I could use a fast computation of an orthonormalized basis to represent columns of a tall and narrow dense matrix.

Taking advantage of an idle hour, I came up with this modified Gram-Schmidt:

```
using LinearAlgebra
function coldot(A, j, i)
m = size(A, 1)
r = zero(eltype(A))
@simd for k in 1:m
r += A[k, i] * A[k, j]
end
return r;
end
function colnorm(A, j)
return sqrt(coldot(A, j, j));
end
function colsubt!(A, i, j, r)
m = size(A, 1)
@simd for k in 1:m
A[k, i] -= r * A[k, j]
end
end
function normalizecol!(A, j)
m = size(A, 1)
r = 1.0 / colnorm(A, j)
@simd for k in 1:m
A[k, j] *= r
end
end
function mgsortho!(A)
@show m, n = size(A)
normalizecol!(A, 1)
for j in 2:n
Base.Threads.@threads for i in j:n
colsubt!(A, i, j-1, coldot(A, j-1, i))
end
normalizecol!(A, j)
end
return A
end
```

Initially I found it (predictably) slower than the built in `qr!`

. For instance for a 200,000\times 200 matrix, my version was more than three times slower.

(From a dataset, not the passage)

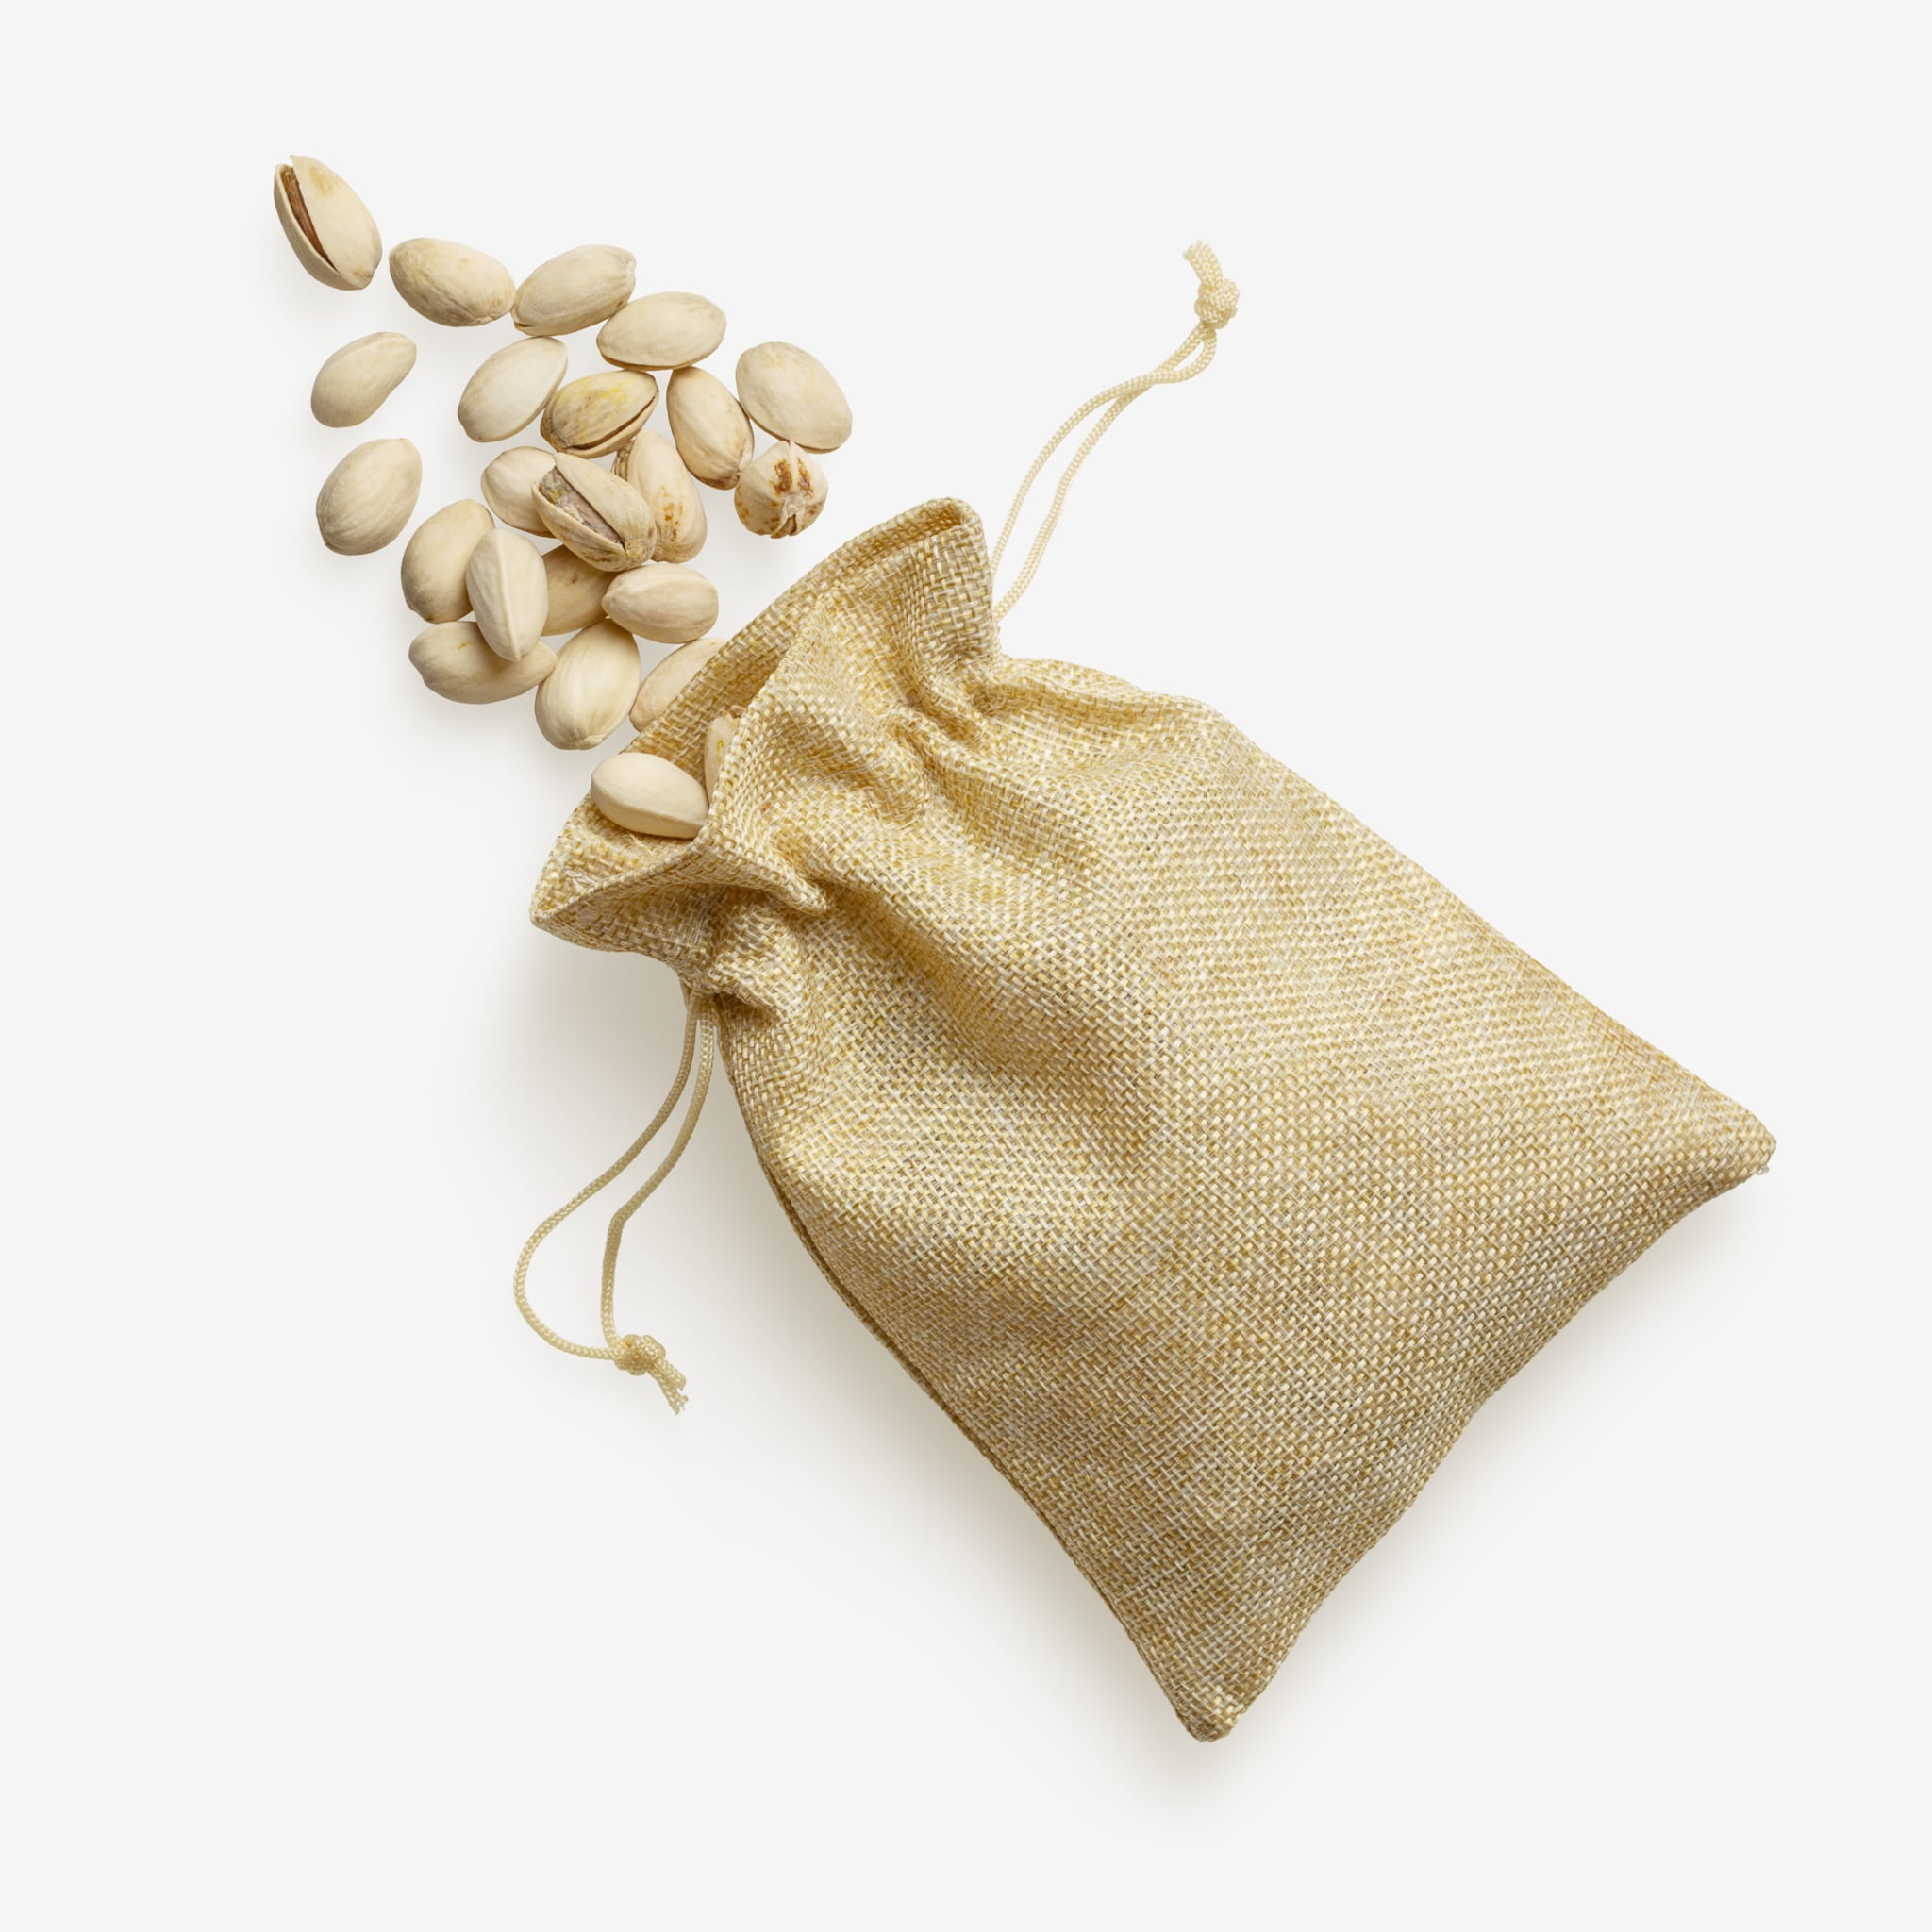 Bag of pistachios PSD image on transparent background

However, If I have a multiprocessor, I can use more threads and things change quite a bit.

For a matrix 2,000,000\times 400, using multiple threads

```
# threads qr! mgsortho!
1 232 s 305 s
2 216 s 170 s
4 212 s 141 s
```

To conclude, no question but a challenge: care to make it faster still?